Today I found myself at one of my favorite spaces… the beach!
Which is somehow important to me now that we have been homeless for almost 2 months.
Homeless is not even the right word.
We have a home. It’s about 4,600 miles away.
It’s where my husband and 3 of my kids are.
And for the first time in our lives we have been divided not because of military service such as a deployment… but because the Passport office insists that a certain person who has never had an interest or participated in the life of a child they helped to make has to give legal permission for our family to be reunited.
So we tracked him down and now we are preparing to go do battle in the courts.
Yesterday I received some soul crushing information. It is more than likely we will go to court Dec 3rd and forfeit our plane tickets for traveling on accompanied orders.
While I understand that Space-A flights is an option for us after that, it does not mean that there is any certainty that there is availability… or that spaces aboard random planes are comfortable.
There probably isn’t anything I wouldn’t step in that a little duck tape can’t fix.
Yes I know.

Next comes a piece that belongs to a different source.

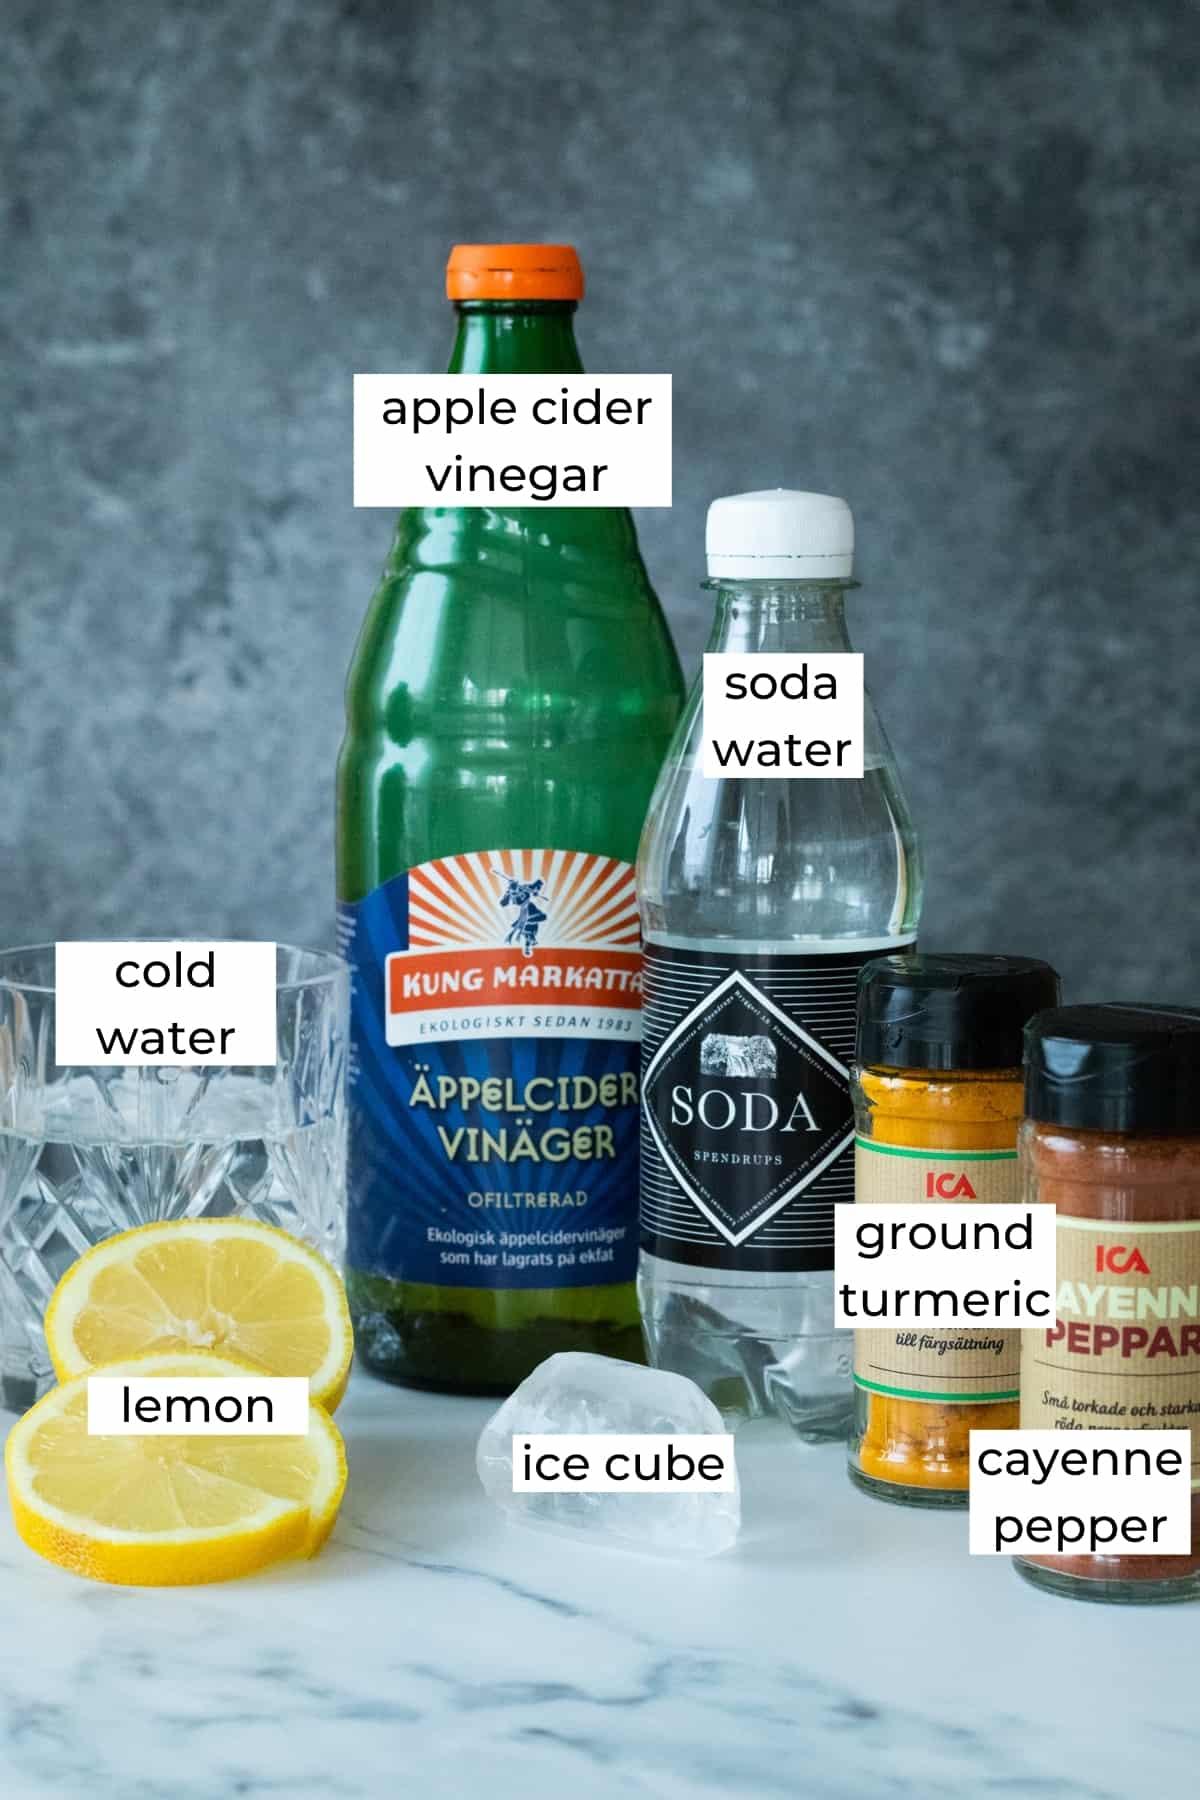 ingredients for apple cider vinegar tonic

I will be grateful for whatever we can get, but this is Lil Man’s first flight.
Sometimes he has issues getting into an elevator…
My best plan so far is to keep treating everything as an adventure.
So far it’s working. It keeps our minds off of our forced separation.
But the unavoidable issue of the holidays is becoming grim…
Not only will we face the holidays without the comforts of our family… 2 birthdays, a Thanksgiving, and possibly Christmas
We will be “homeless” during the holidays.
While I am pretty sure our family can face anything together even if it meant camping in the woods indefinitely… I am hesitant to use the word homeless. Given the stark nature of the number of actual homeless families and vets wandering the streets, who have lost everything including their hope… I feel it is wrong to use the word in my situation.
Especially when so many friends and family members has opened their doors to us in our time of need.
Especially because we may not know when this separation will end, but we do know that it WILL end.
Maybe the word for us is Housing Opportunist?
There is something about giving up your possessions and becoming wanderers of the earth.
I’ve always wanted to be a wandering gypsy… just something I wanted to do on my own terms.
Until the next update I will raise my glass and keep looking for reasons to smile!